Junior queen consort of Denmark
- Tenure: 1229–1231
- Born: c. 1211 Kingdom of Portugal
- Died: 28 August 1231 (aged 19–20) Denmark
- Burial: St. Bendt's Church
- Spouse: Valdemar the Young
- House: Portuguese House of Burgundy
- Father: Afonso II of Portugal
- Mother: Urraca of Castile

= Eleanor of Portugal, Queen of Denmark =

Junior queen of Denmark from 1229 to 1231

Eleanor of Portugal (Leonor /pt/; c. 1211 - 28 August 1231) was a Portuguese infanta, the only daughter of Afonso II of Portugal and Urraca of Castile, Queen of Portugal.

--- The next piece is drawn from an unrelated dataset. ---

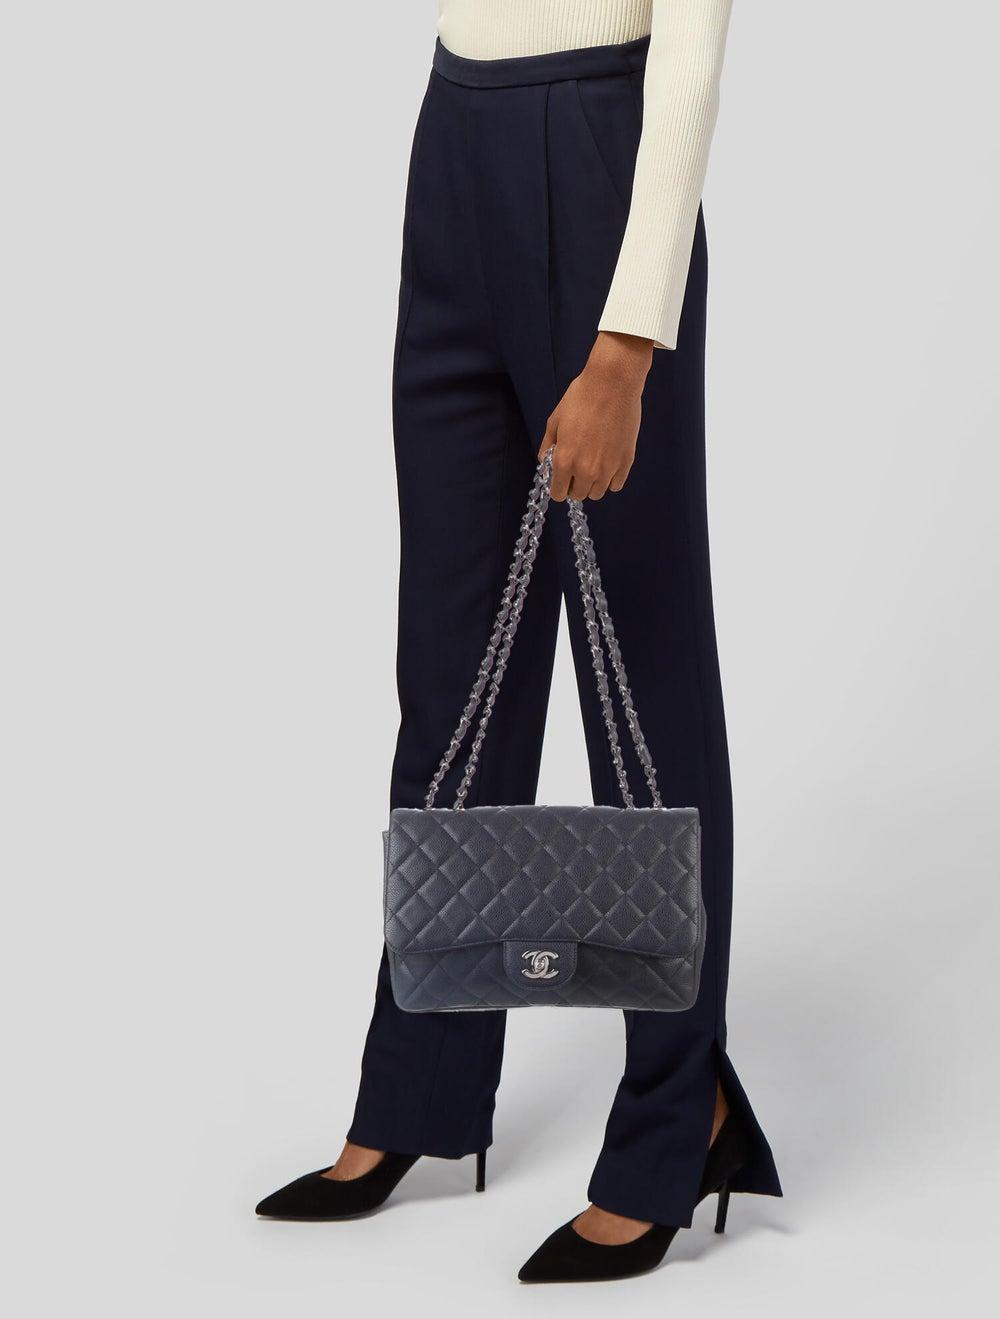 Chanel Jumbo Single Flap Bag Blue - image 2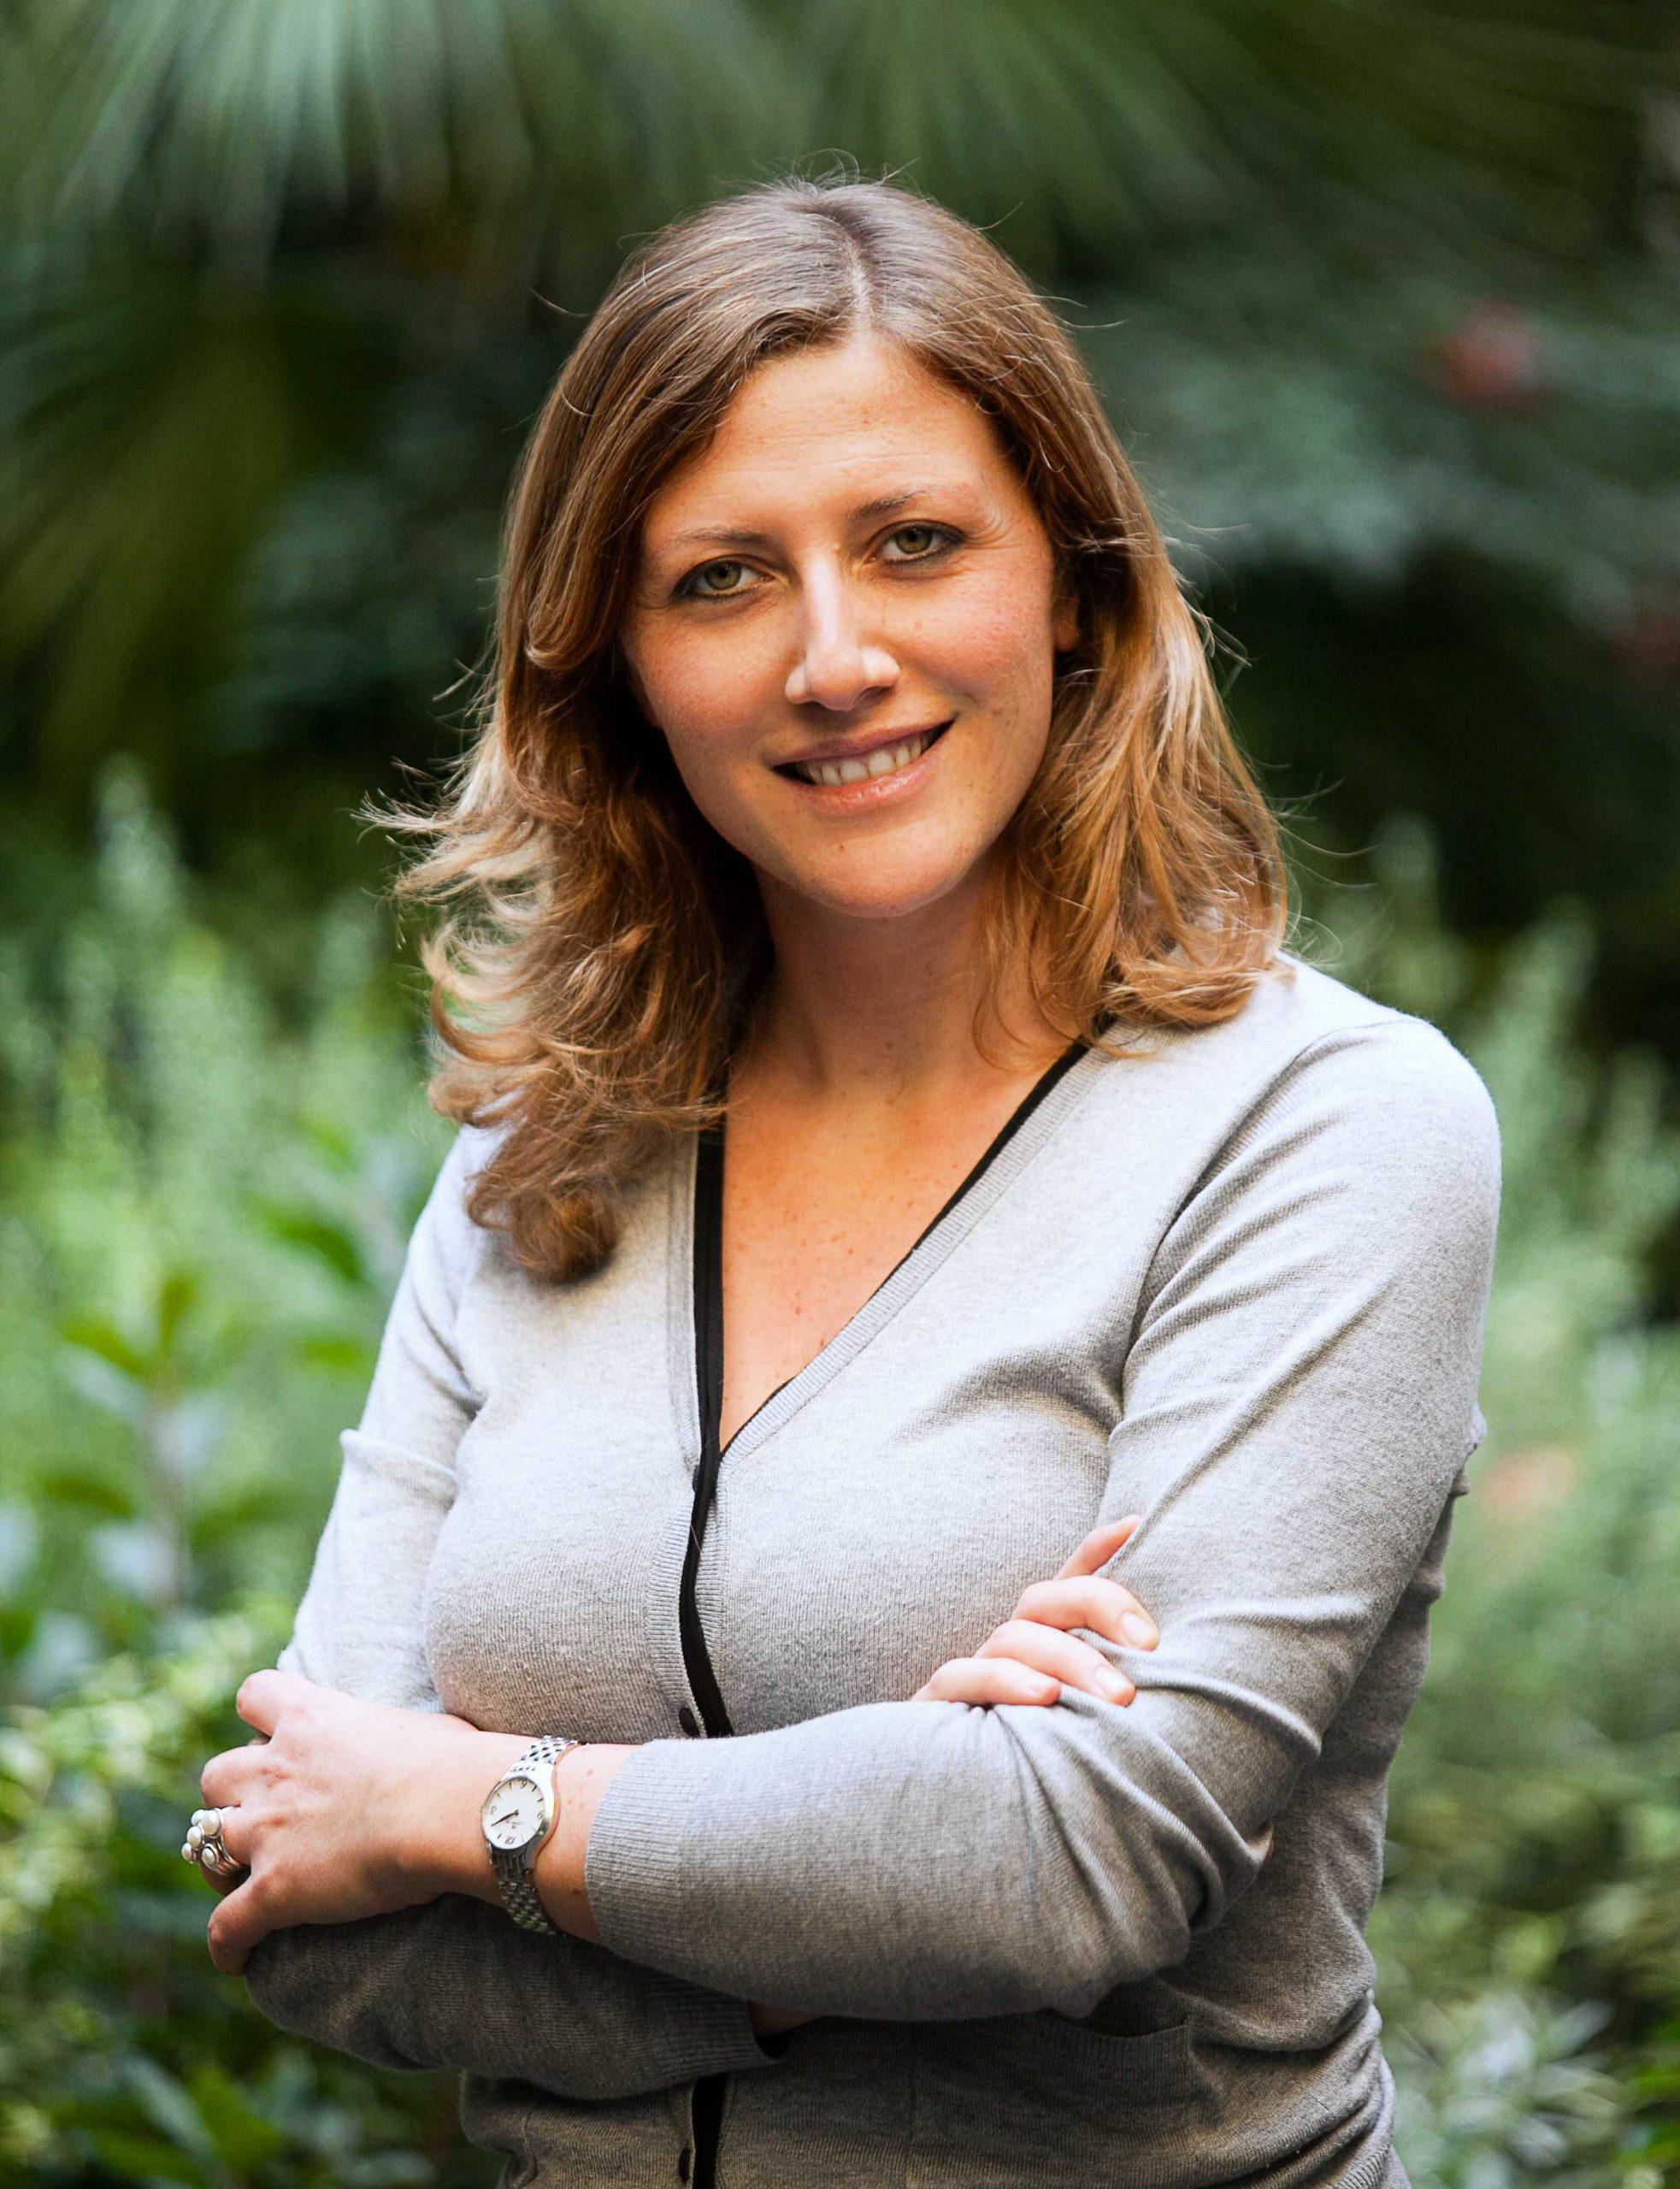 Nicoletta Pirozzi Lectorinfabula Lector in Fabula

Eleanor was Queen of Denmark by marriage to Valdemar the Young, son of Valdemar II, in 1229.

== Biography ==
Bishop Gunner of Viborg had first thought of the idea of the marriage, as Eleanor's aunt Berengaria had been Valdemar's stepmother. The wedding took place in Ribe on 24 June 1229, and the next day Eleanor received southern half of the island Funen as a wedding present from her husband. Even though she was junior queen, she was the only queen since her aunt had died eight years prior and her father-in-law had not remarried.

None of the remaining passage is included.